**PROVIDED MATERIAL:**

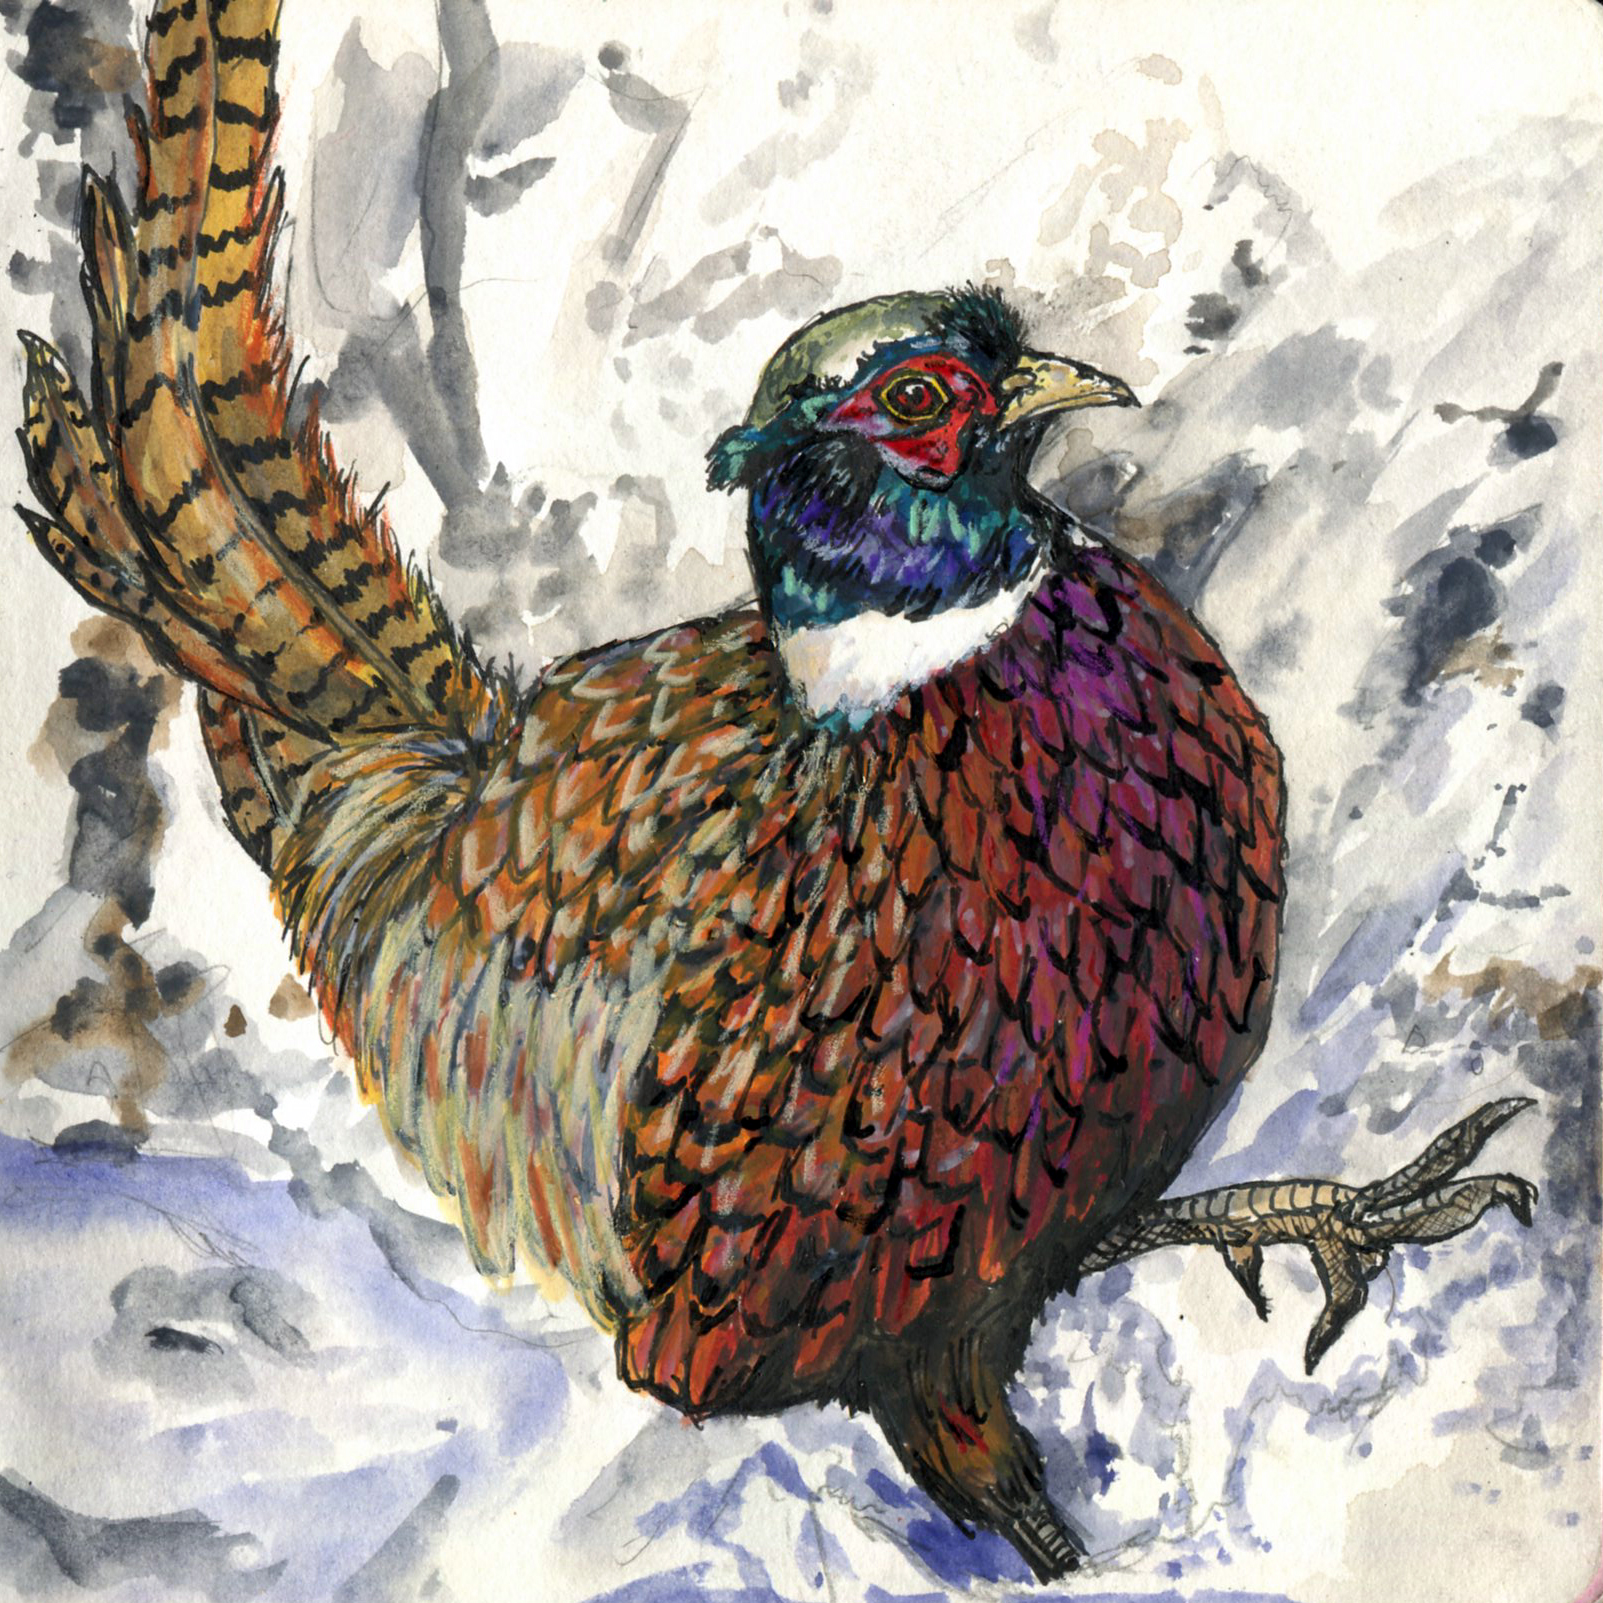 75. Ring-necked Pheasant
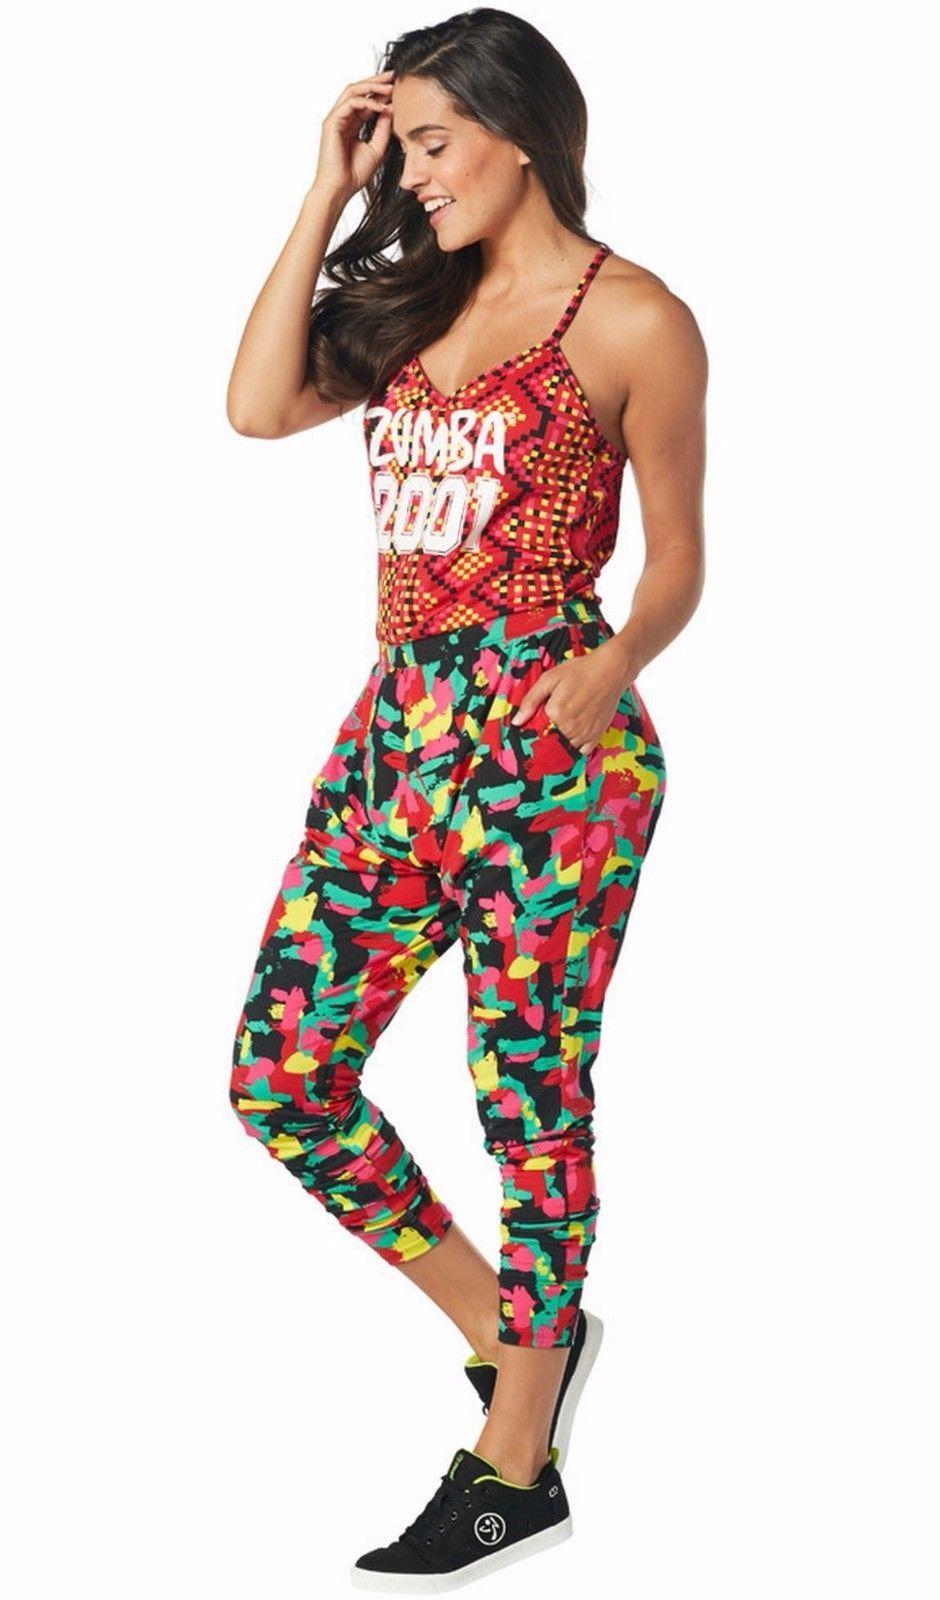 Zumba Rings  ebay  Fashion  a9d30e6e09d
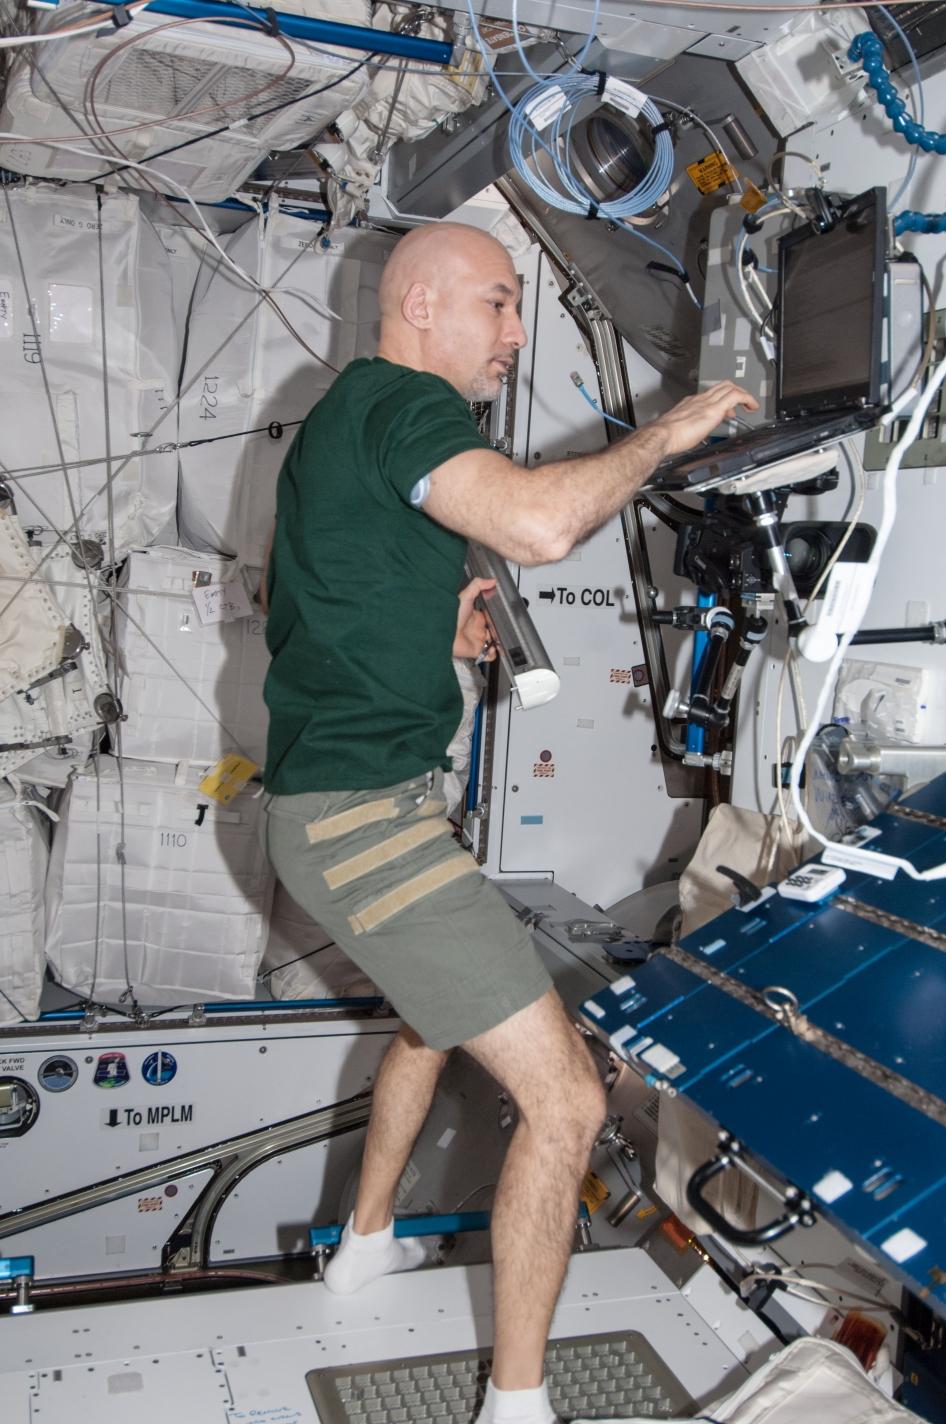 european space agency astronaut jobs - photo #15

**WORK TASK:** The whole listing should be retyped word for word; none of its pictures belong in the copy.

**SOLUTION TO THIS PROBLEM:**
 75. Ring-necked Pheasant
 Zumba Rings  ebay  Fashion  a9d30e6e09d
 european space agency astronaut jobs - photo #15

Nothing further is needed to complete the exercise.